**THE PROBLEM:** Give back, word for word, only the lines from the one containing "A spinning wheel - Image 2 of 3" to the end of the listing below.

** Opening INPUT DATA block **

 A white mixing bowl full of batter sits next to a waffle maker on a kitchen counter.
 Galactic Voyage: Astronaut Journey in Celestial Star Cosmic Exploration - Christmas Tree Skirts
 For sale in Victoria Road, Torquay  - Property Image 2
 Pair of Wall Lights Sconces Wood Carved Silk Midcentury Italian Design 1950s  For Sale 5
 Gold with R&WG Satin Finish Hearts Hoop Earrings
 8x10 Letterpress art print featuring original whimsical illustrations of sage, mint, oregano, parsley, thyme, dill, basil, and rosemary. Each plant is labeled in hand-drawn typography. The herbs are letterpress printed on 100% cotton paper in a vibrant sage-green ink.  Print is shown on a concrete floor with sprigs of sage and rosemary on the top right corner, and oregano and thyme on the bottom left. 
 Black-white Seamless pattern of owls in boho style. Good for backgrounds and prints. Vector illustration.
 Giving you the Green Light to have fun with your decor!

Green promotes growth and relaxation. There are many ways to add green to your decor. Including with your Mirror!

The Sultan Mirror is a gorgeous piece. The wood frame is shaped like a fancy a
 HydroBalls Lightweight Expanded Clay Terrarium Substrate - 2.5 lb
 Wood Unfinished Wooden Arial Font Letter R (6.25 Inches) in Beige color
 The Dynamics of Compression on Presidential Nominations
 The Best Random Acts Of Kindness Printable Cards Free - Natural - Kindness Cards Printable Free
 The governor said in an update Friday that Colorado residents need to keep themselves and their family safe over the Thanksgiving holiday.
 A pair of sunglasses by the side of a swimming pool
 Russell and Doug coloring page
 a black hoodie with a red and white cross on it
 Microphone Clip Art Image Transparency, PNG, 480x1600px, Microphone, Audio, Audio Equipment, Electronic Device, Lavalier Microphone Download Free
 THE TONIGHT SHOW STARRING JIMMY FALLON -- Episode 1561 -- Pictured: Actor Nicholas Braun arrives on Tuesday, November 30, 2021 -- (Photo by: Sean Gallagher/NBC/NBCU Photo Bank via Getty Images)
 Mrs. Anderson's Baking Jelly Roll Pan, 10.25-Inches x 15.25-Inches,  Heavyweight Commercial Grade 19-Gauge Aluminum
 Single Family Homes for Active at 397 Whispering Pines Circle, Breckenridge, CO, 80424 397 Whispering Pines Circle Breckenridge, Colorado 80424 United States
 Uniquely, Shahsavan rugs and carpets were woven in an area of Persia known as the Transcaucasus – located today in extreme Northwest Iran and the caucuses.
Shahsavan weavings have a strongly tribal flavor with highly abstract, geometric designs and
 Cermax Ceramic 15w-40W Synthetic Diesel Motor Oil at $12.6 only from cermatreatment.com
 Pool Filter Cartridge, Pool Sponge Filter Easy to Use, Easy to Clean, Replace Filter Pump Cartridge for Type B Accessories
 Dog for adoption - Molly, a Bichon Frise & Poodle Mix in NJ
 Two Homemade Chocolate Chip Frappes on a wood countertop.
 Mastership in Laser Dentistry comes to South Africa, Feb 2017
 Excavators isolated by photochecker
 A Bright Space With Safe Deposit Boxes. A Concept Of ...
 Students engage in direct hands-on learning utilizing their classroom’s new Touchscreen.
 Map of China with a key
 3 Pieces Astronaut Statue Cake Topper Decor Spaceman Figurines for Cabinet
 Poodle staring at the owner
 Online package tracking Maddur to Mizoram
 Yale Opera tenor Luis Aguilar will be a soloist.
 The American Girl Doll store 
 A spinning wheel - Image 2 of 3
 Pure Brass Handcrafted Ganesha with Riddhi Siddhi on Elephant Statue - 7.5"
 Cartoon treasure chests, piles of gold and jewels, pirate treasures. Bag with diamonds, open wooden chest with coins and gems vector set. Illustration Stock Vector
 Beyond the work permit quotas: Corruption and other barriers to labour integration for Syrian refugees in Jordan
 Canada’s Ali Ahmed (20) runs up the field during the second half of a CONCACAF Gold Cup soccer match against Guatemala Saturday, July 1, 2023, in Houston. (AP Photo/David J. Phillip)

** Closing INPUT DATA block **

**RESULT:**
 A spinning wheel - Image 2 of 3
 Pure Brass Handcrafted Ganesha with Riddhi Siddhi on Elephant Statue - 7.5"
 Cartoon treasure chests, piles of gold and jewels, pirate treasures. Bag with diamonds, open wooden chest with coins and gems vector set. Illustration Stock Vector
 Beyond the work permit quotas: Corruption and other barriers to labour integration for Syrian refugees in Jordan
 Canada’s Ali Ahmed (20) runs up the field during the second half of a CONCACAF Gold Cup soccer match against Guatemala Saturday, July 1, 2023, in Houston. (AP Photo/David J. Phillip)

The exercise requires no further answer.